The Financial Reporting Council (FRC), in partnership with the Integrity Organisation/Convention on Business Integrity (CBI) and the United Nations Global Compact Network Nigeria has launched the Small Medium Enterprise (SME) Anti-Corruption and Corporate Governance Standards Project which is funded by the MacArthur Foundation.
The project aims to set standards for corporate governance, ethics, and sustainability to guide the direction, control, and management of SMEs in Nigeria, enhance their competitiveness, and achieve long-term success and value creation responsibly and sustainably.
With SMEs constituting nearly 96 per cent of businesses in Nigeria, most of them are largely poorly governed, making it difficult to secure the capital needed for growth. Also, Nigeria’s challenging business environment creates pressures to adopt practices where complacency, shortcuts, corruption, nepotism, and discrimination flourish.

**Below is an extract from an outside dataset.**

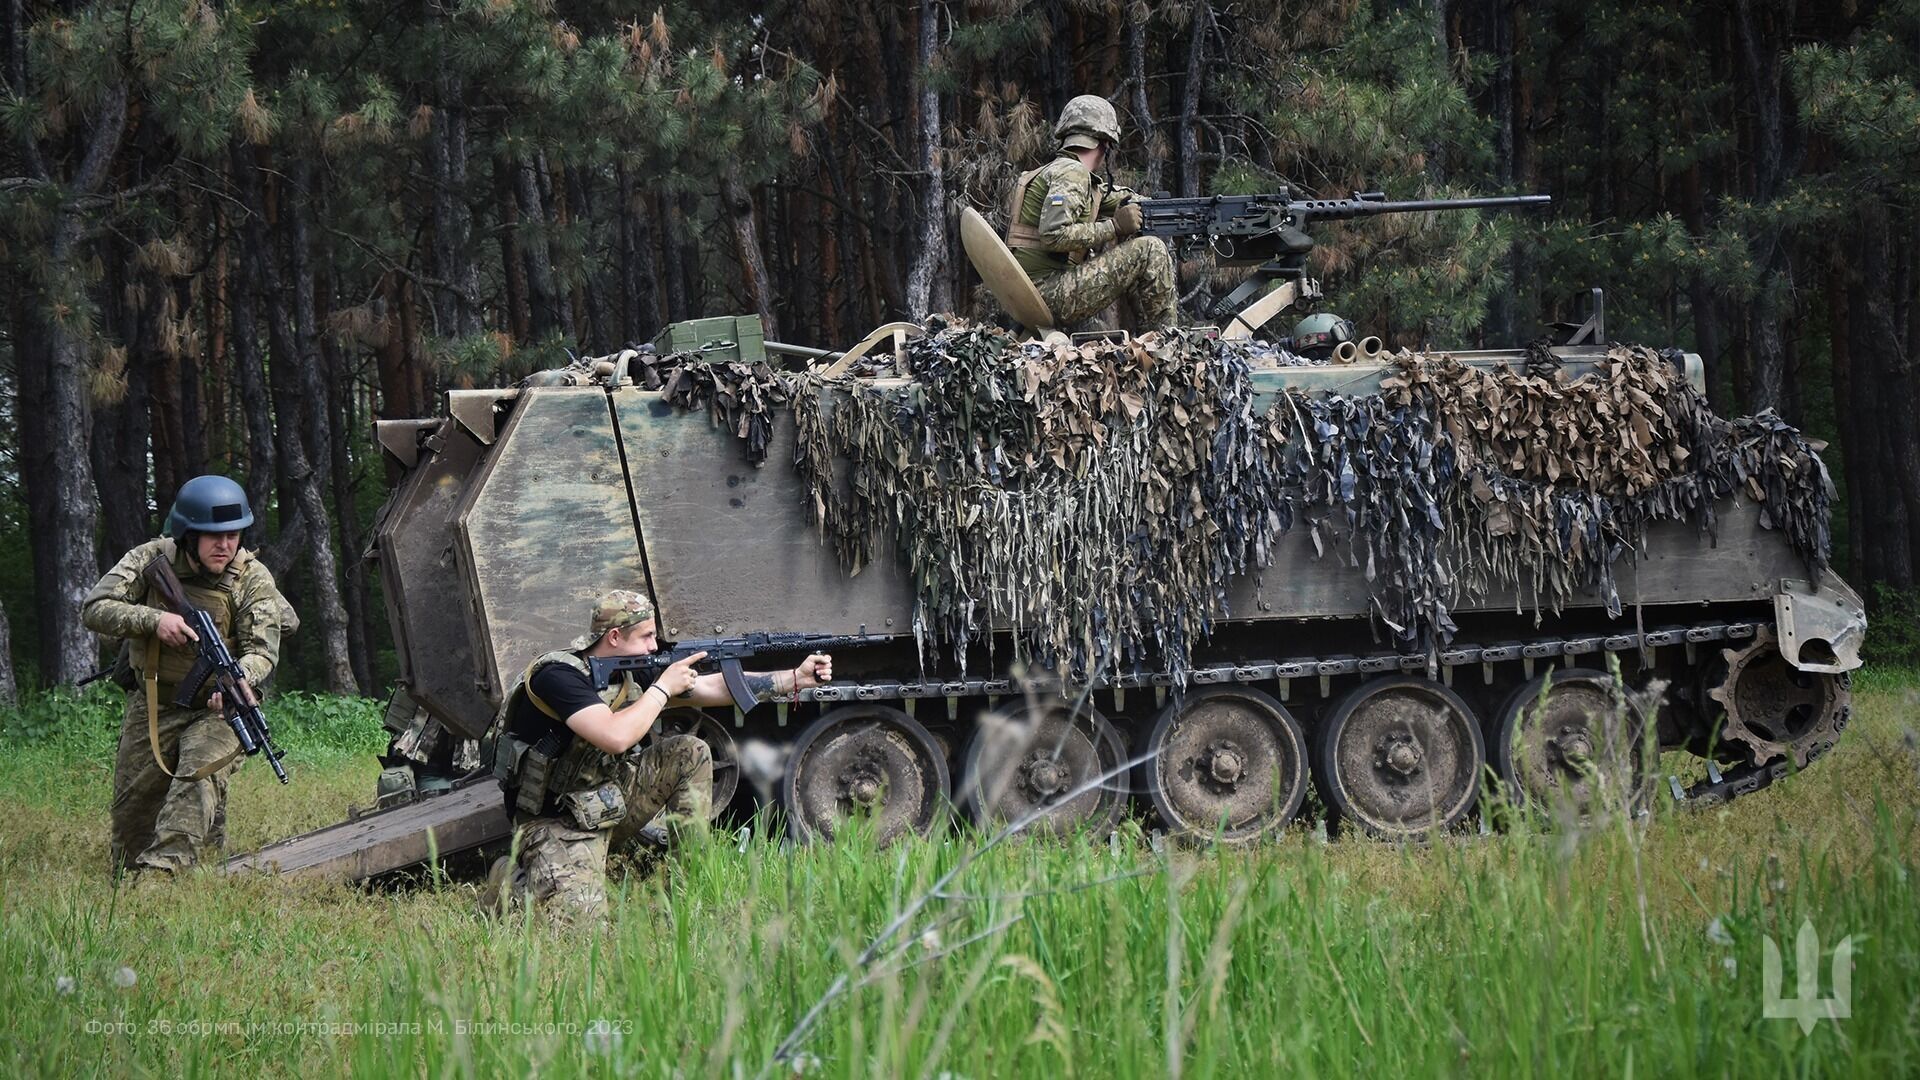 "Йдемо вперед": морпіхи 36-ї бригади ЗСУ показали підготовку до контрнаступу на американських БТР M113. Фото
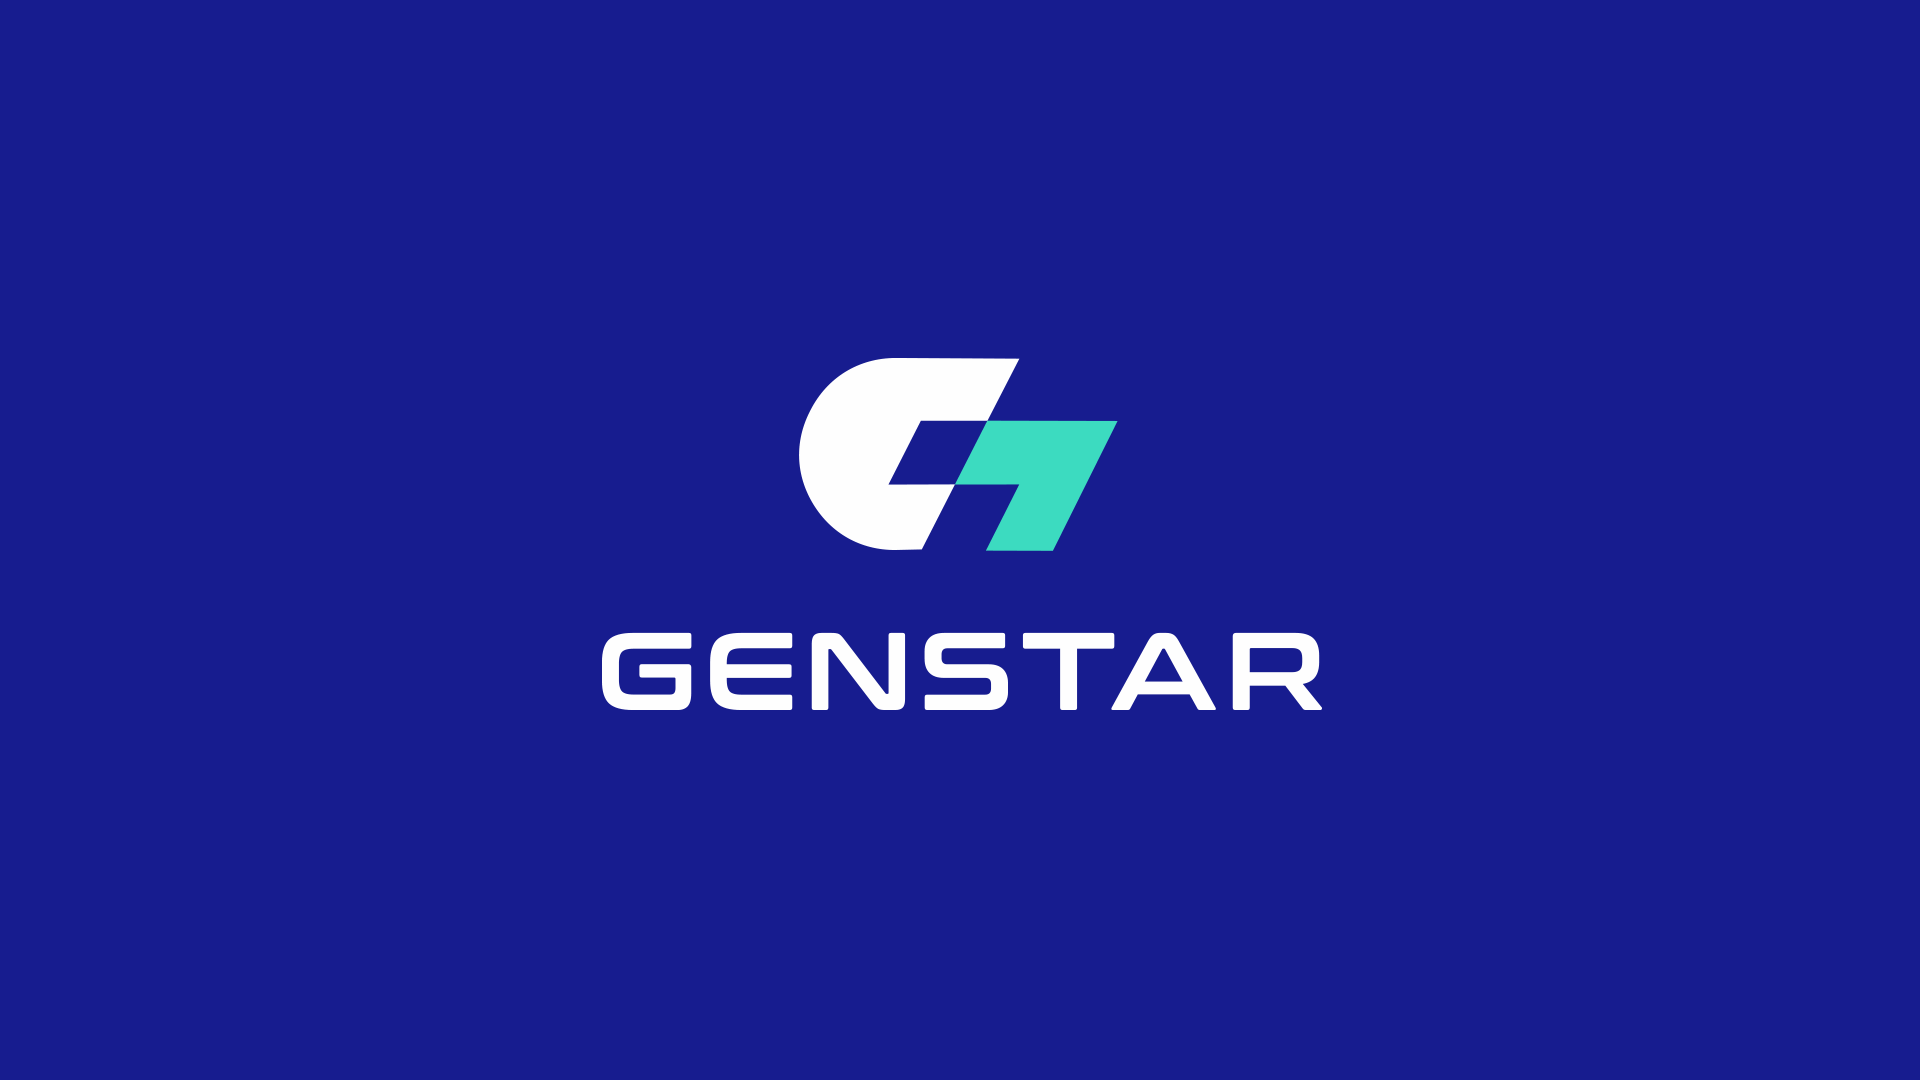 Фото №5: CТО Genstar - Разработка логотипа и создание бренда в студии брендинга Rocketmen Agency

These practices create a cyclical effect, compromising SMEs’ ability to achieve and sustain high-performance outcomes, hobbling their ability to source funds, and eroding their capacity to compete in the African Continental Free Trade Area (AfCFTA) and beyond.
Standards Project intends to change this narrative using a data-driven approach.
Accordingly, FRC, CBi and UNGC-NN will, through this Project, develop a replicable and scalable framework to enhance good corporate governance (anti-corruption, sustainability, and social equity inclusive) practices that would lead to a value creation strategy for all SMEs in Nigeria and increase their competitiveness, survival, growth, and succession.
In the initial implementation, participating Future-Forward Companies will receive hands-on, personalised guidance and assistance to comply with the standards.
Given the pivotal role SMEs play in driving Nigeria’s economic development, poverty reduction, job creation, economic emancipation, and overall well-being, the Project seeks to prove that it is possible – and profitable – for small businesses to do the right things, the right way, in the Nigerian marketplace.